Assignment - Please reproduce all of the data below exactly, leaving each picture out.

Source data -

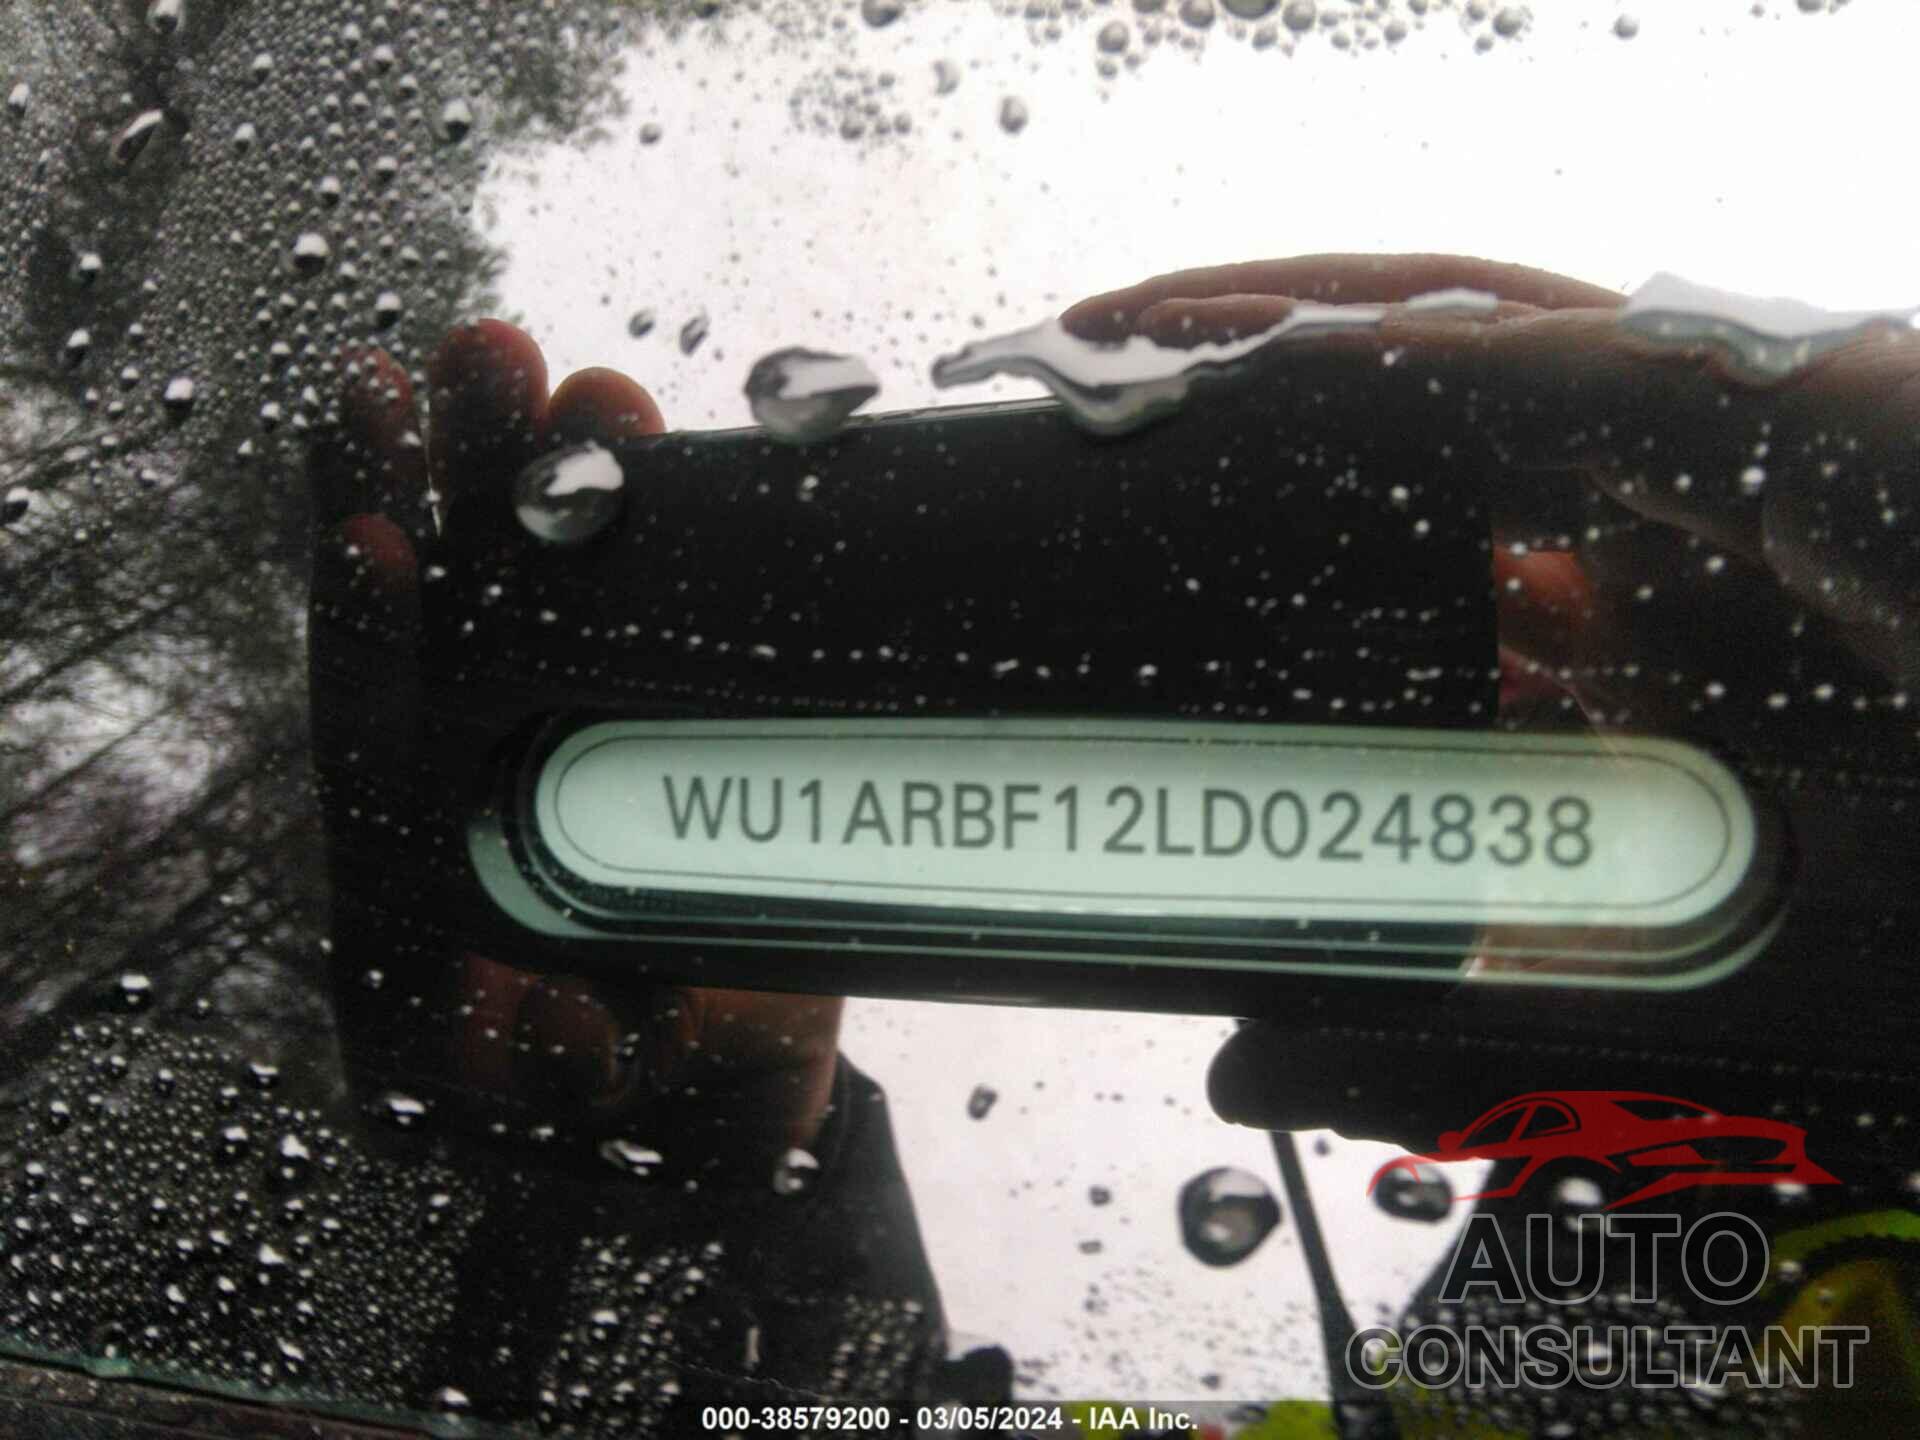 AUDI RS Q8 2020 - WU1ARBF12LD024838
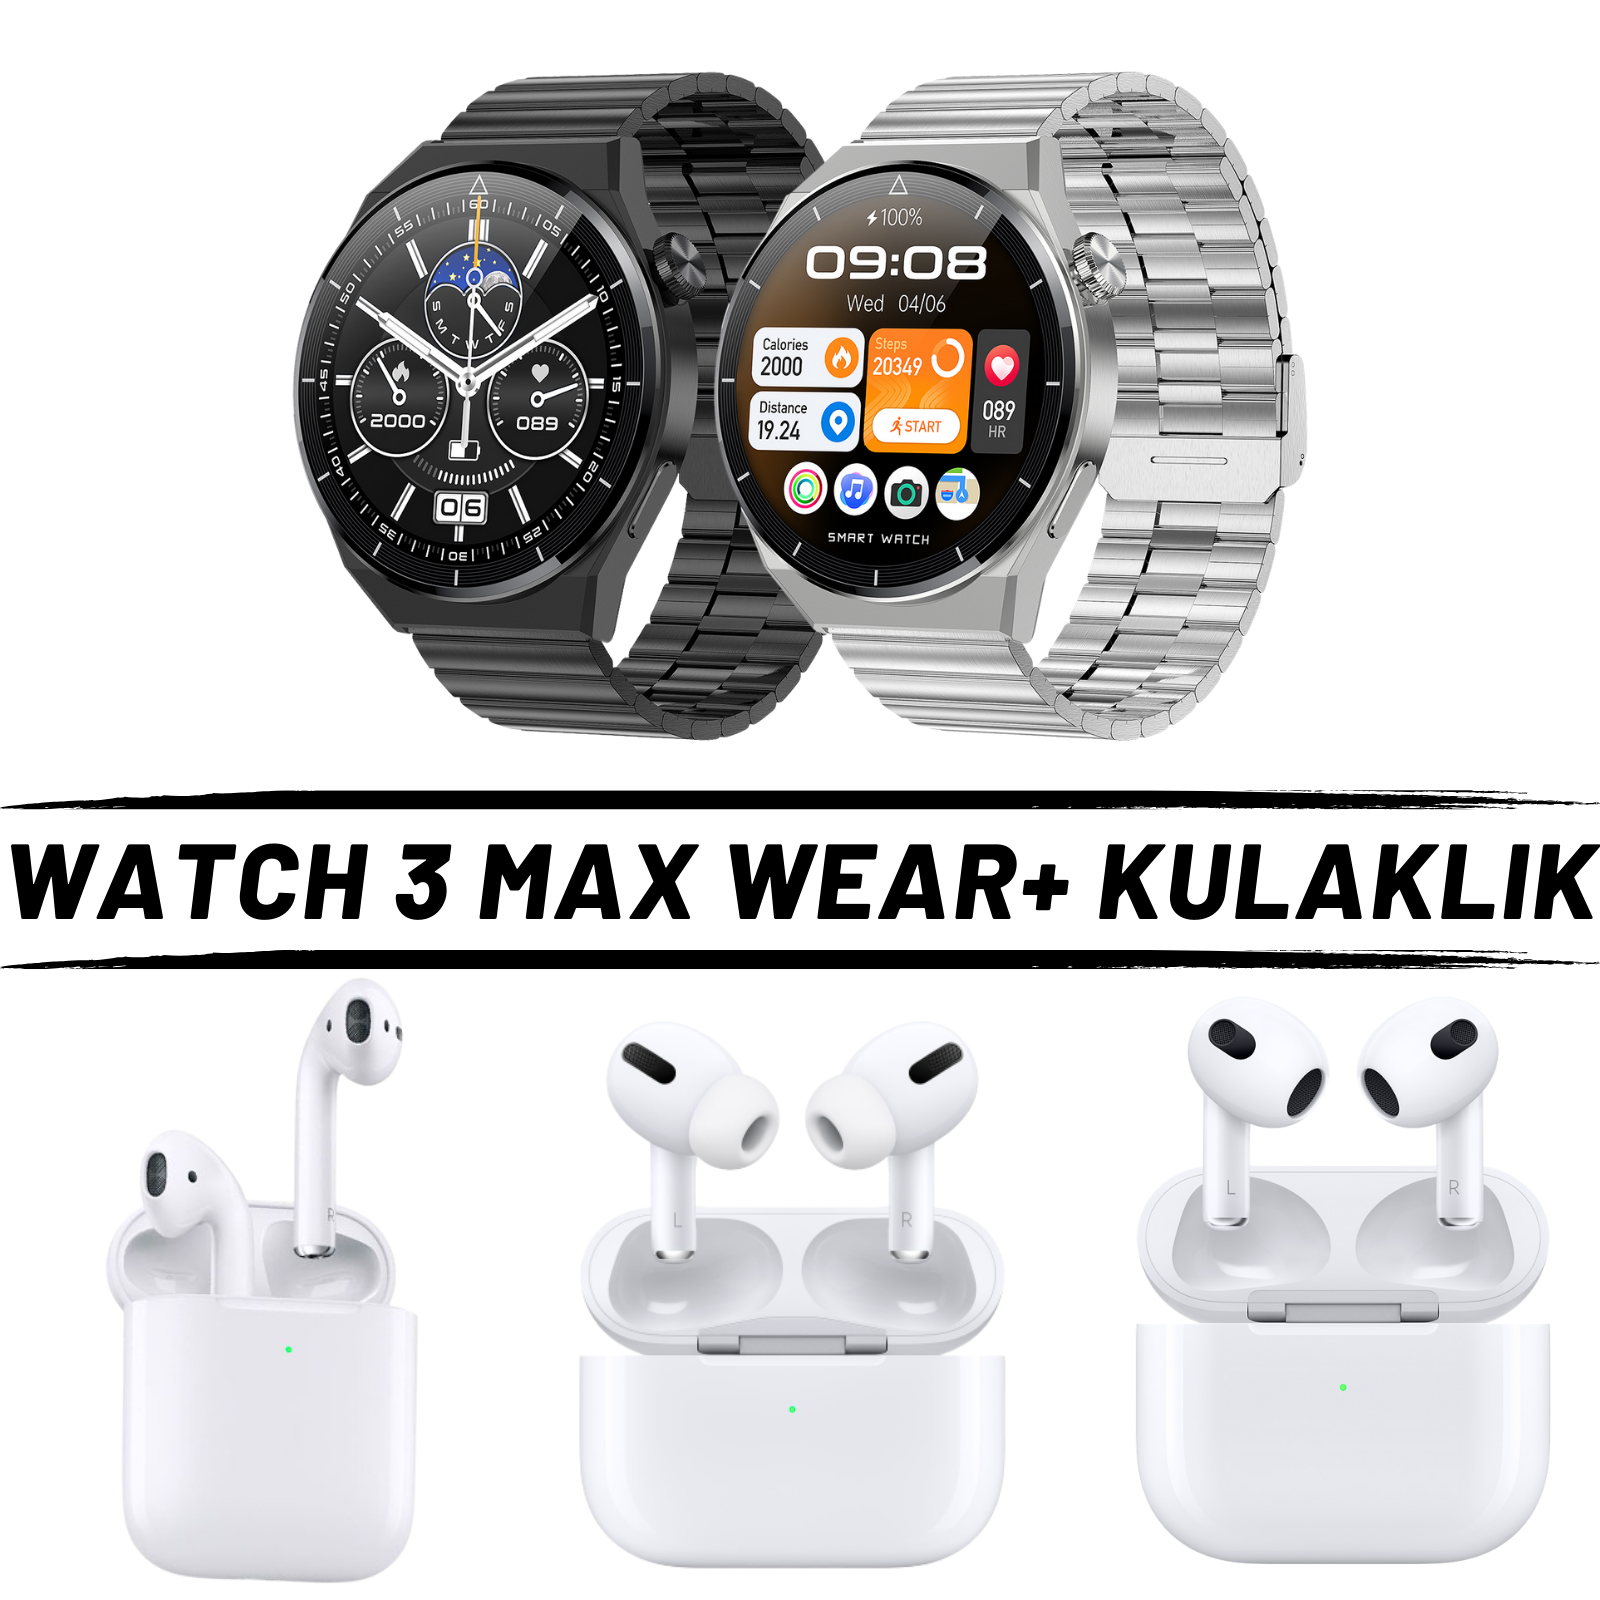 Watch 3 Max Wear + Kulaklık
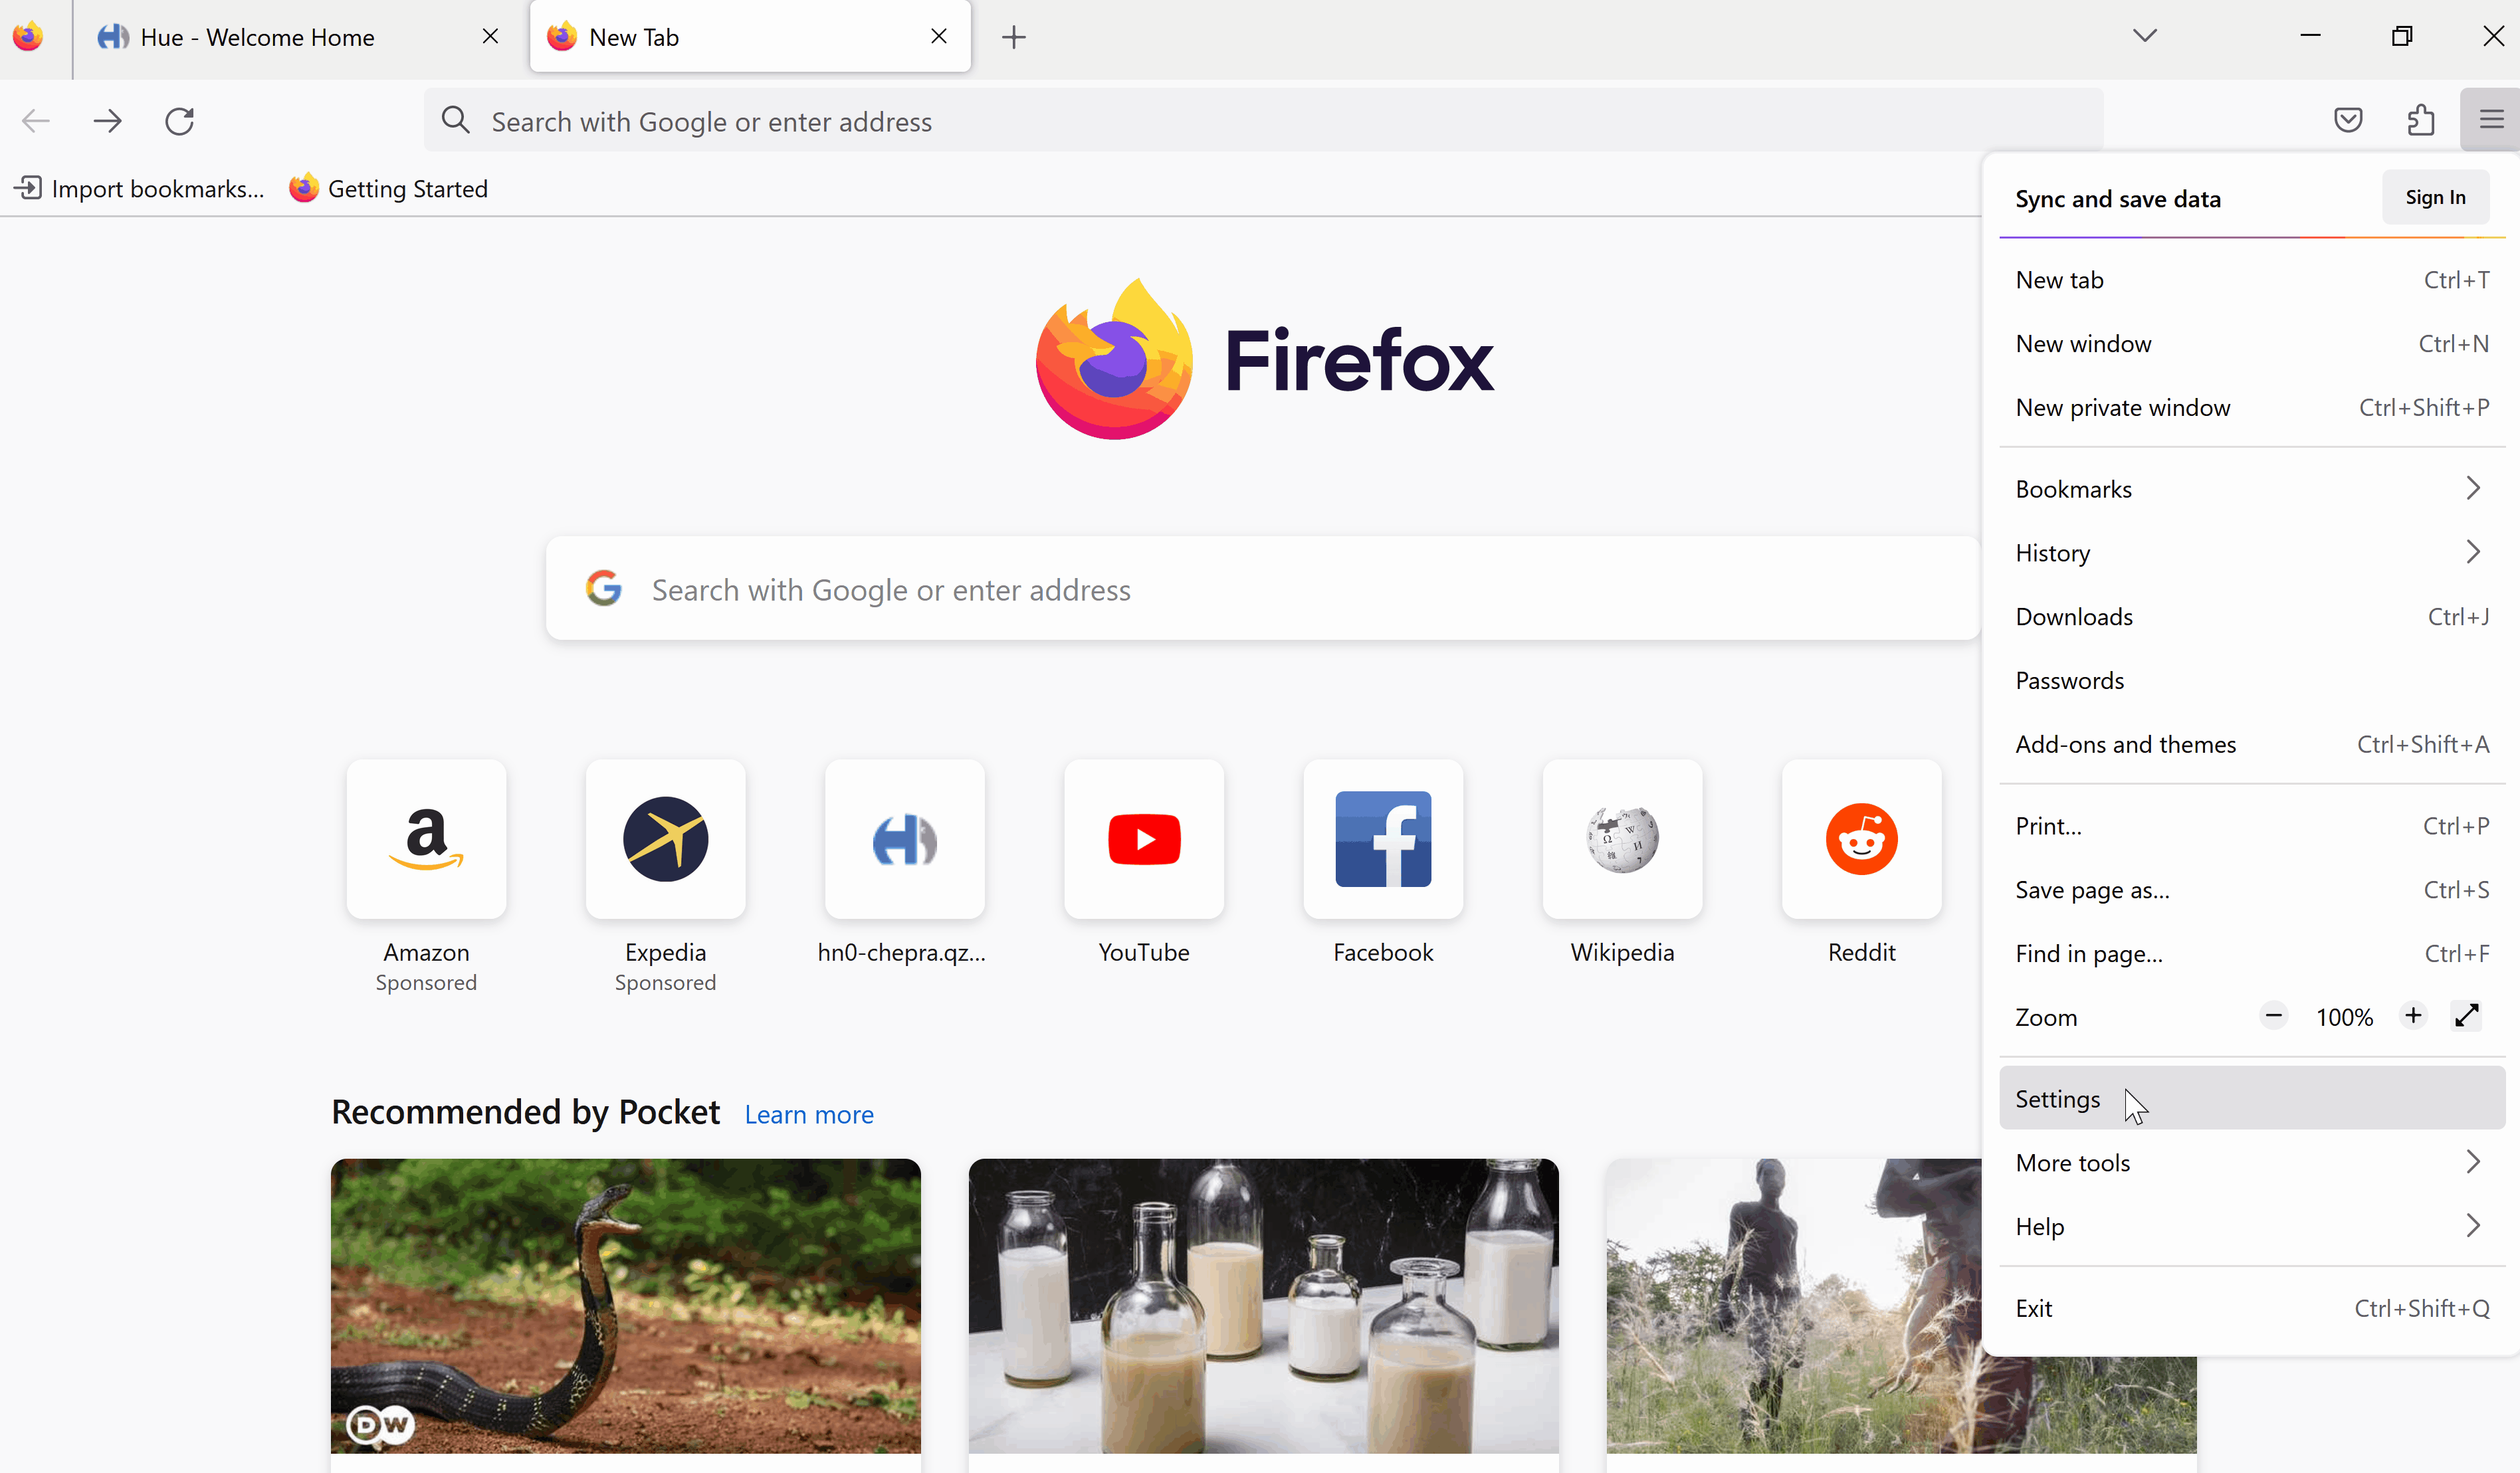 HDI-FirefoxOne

Task answer -
 AUDI RS Q8 2020 - WU1ARBF12LD024838
 Watch 3 Max Wear + Kulaklık
 HDI-FirefoxOne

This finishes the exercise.